Information provided:
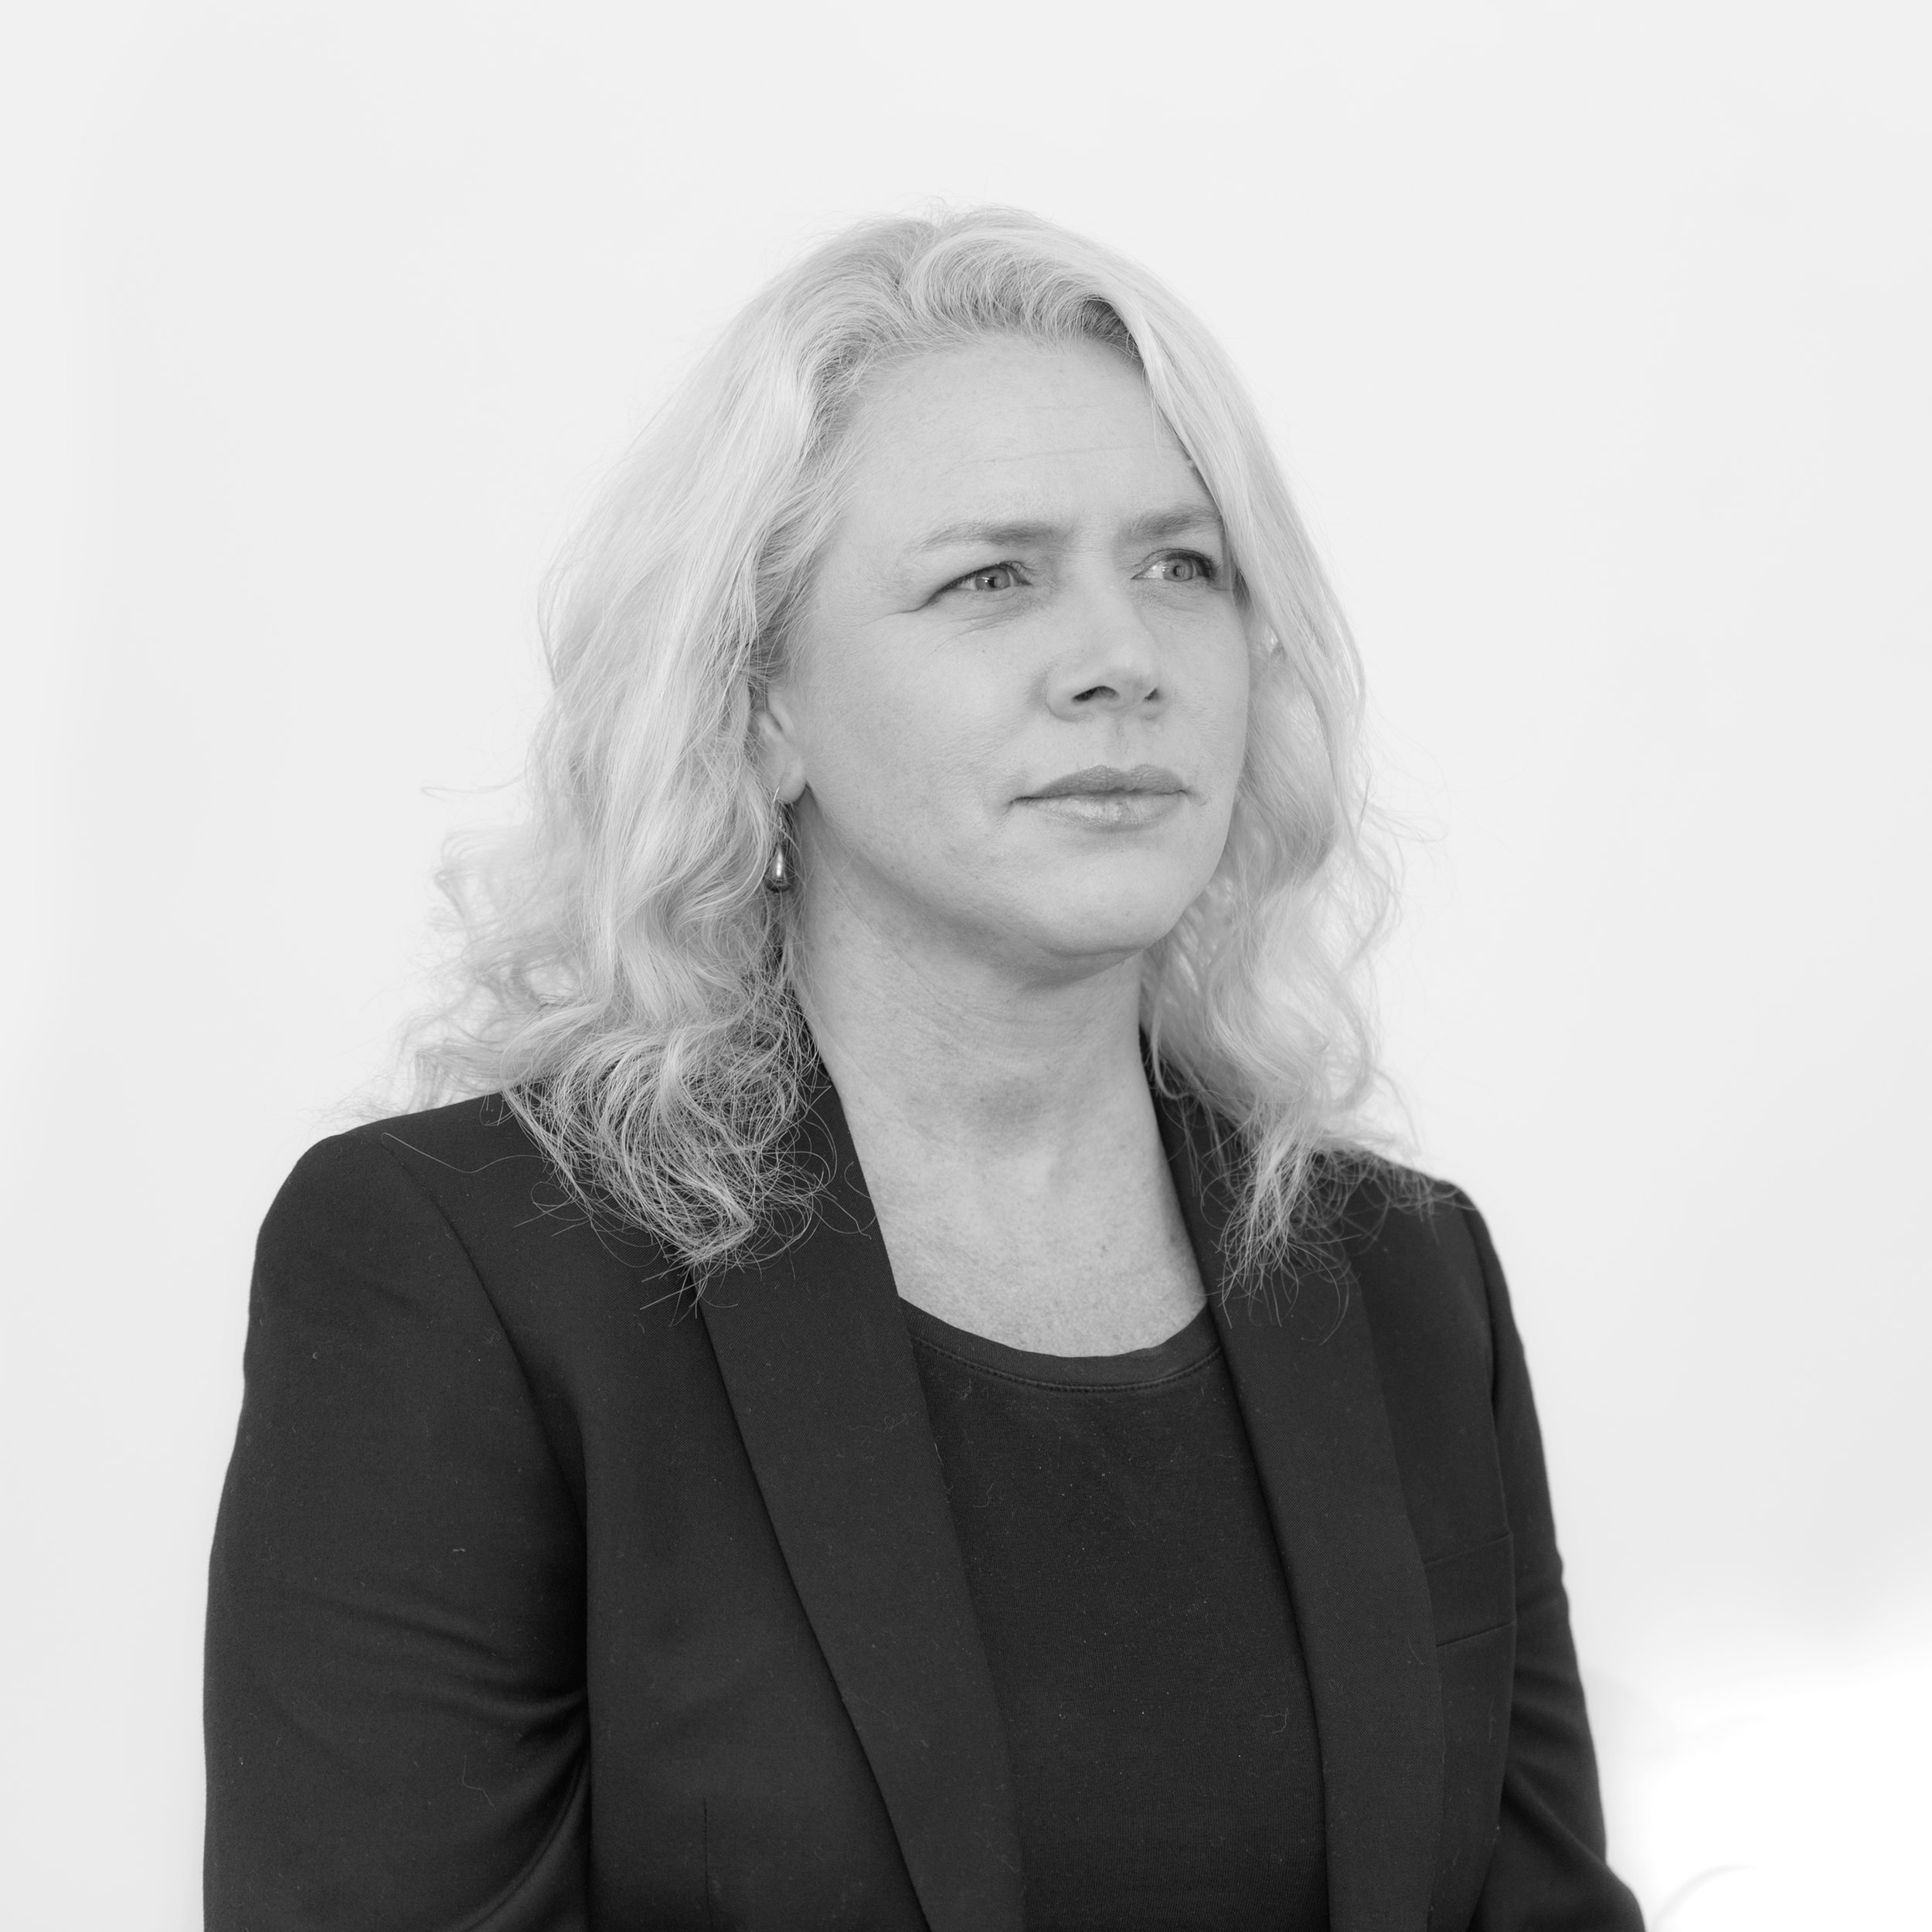 Tina Patriksson Bråthen
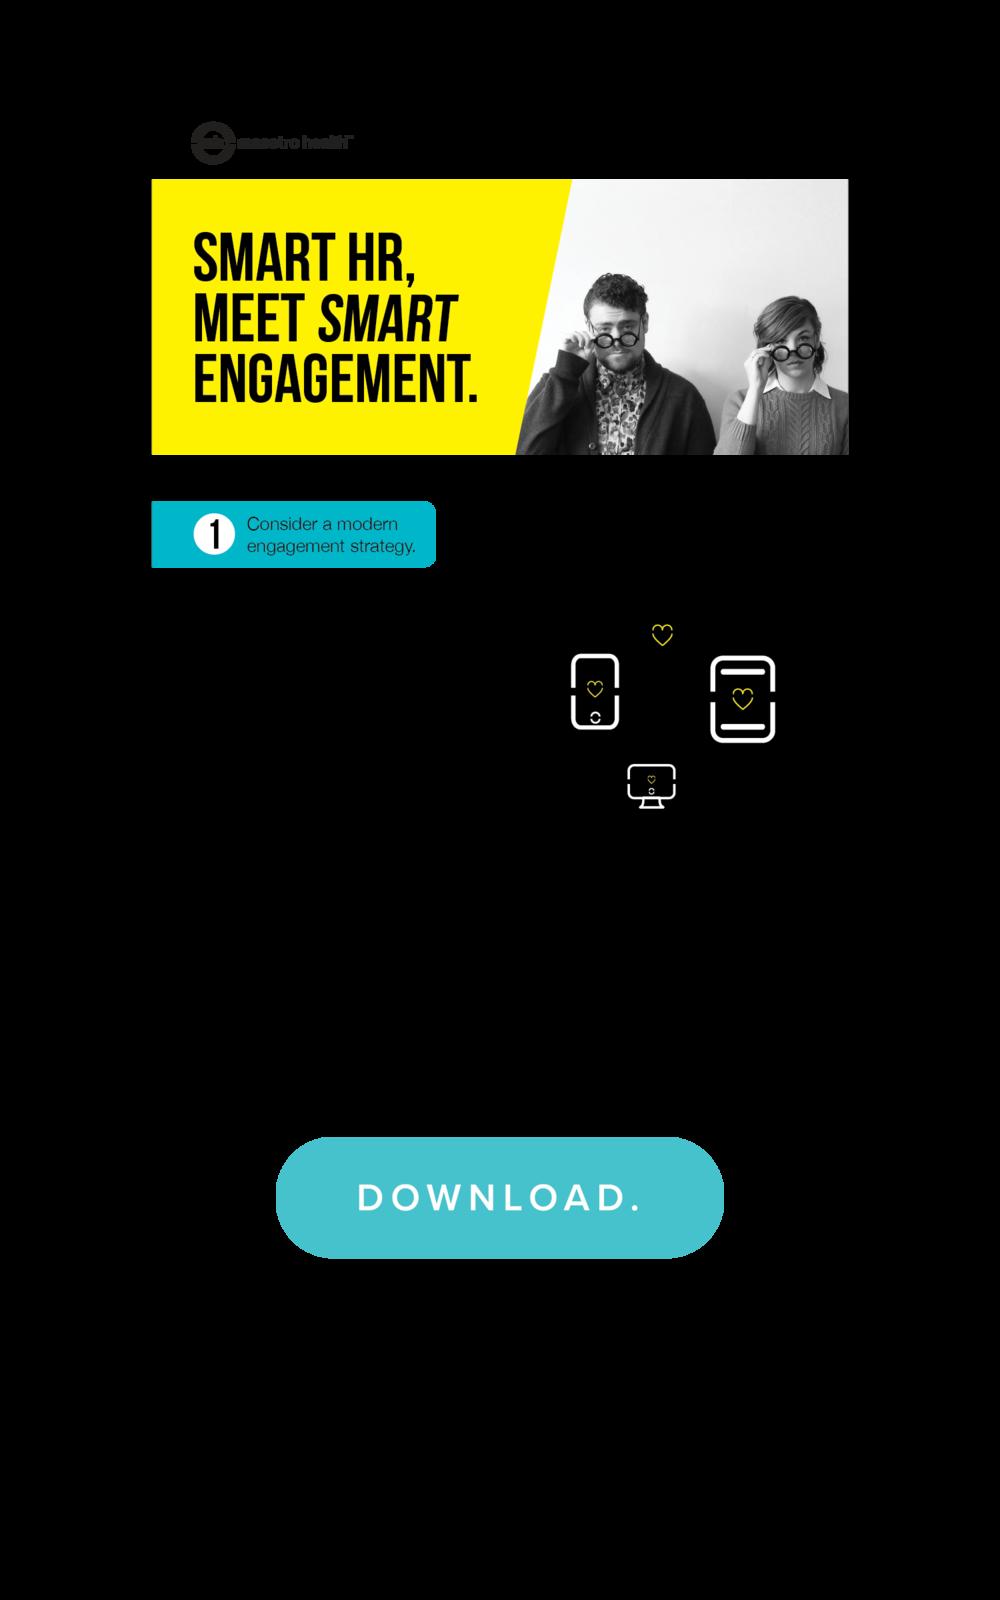 LandingPage_JulyBenAccts_Webinar_Imagery_Infographics_082217_r94.png
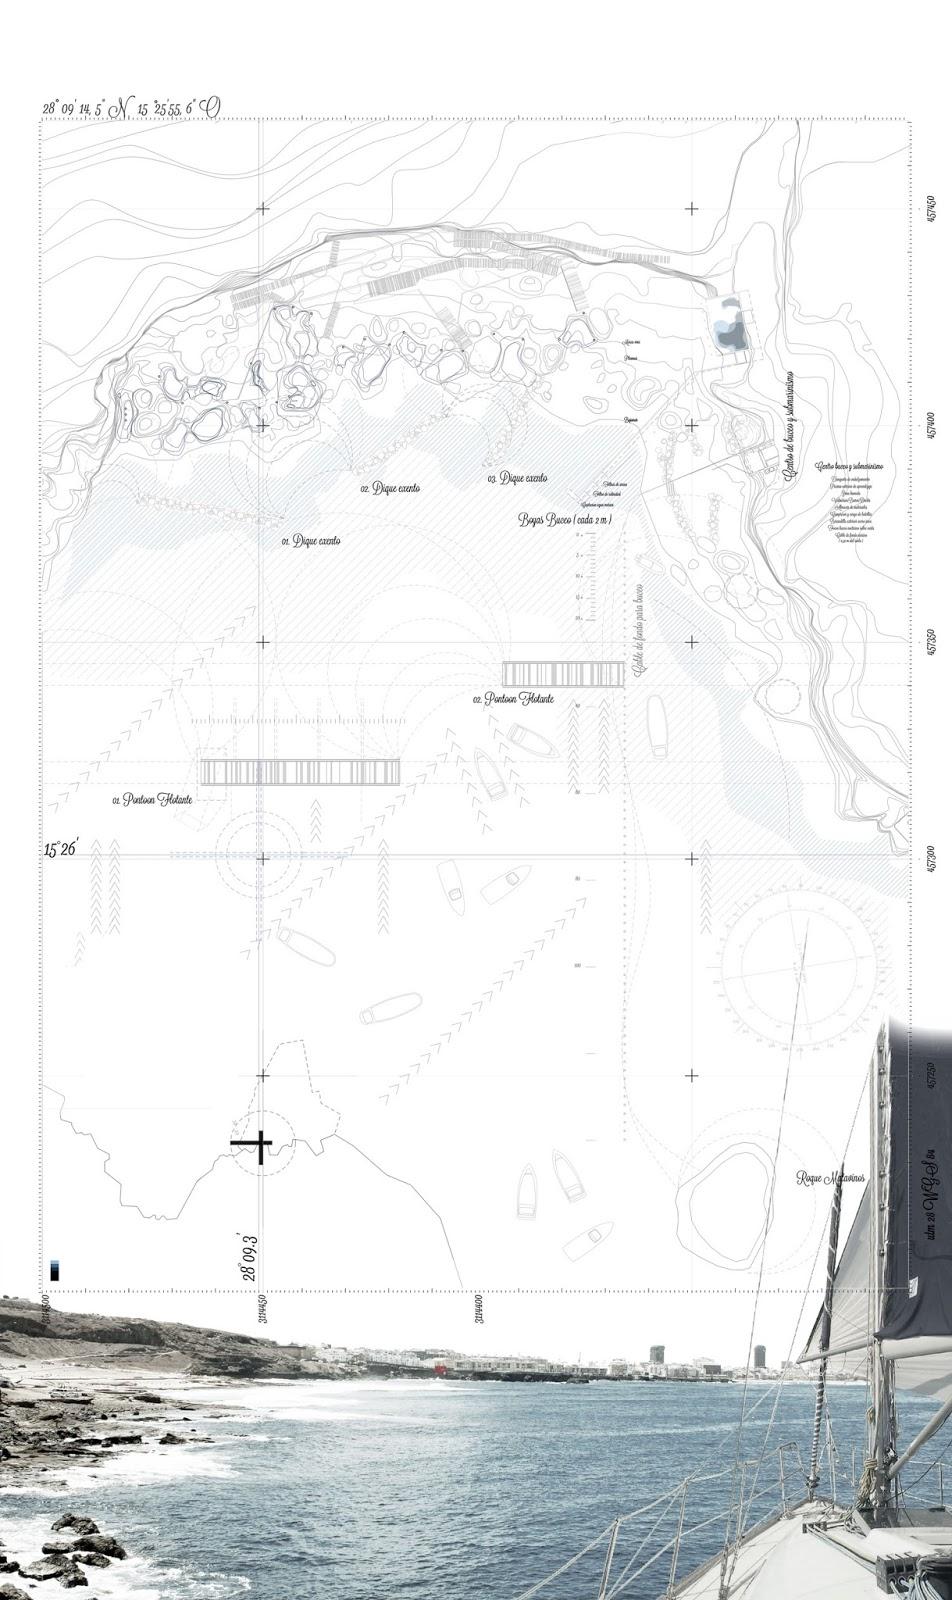 Piscinas de Pleamar Landscape Hydrothermal Center David-del-Valls-PFC

What is being asked: The copy should match each line above exactly and contain no images.

Task output:
 Tina Patriksson Bråthen
 LandingPage_JulyBenAccts_Webinar_Imagery_Infographics_082217_r94.png
 Piscinas de Pleamar Landscape Hydrothermal Center David-del-Valls-PFC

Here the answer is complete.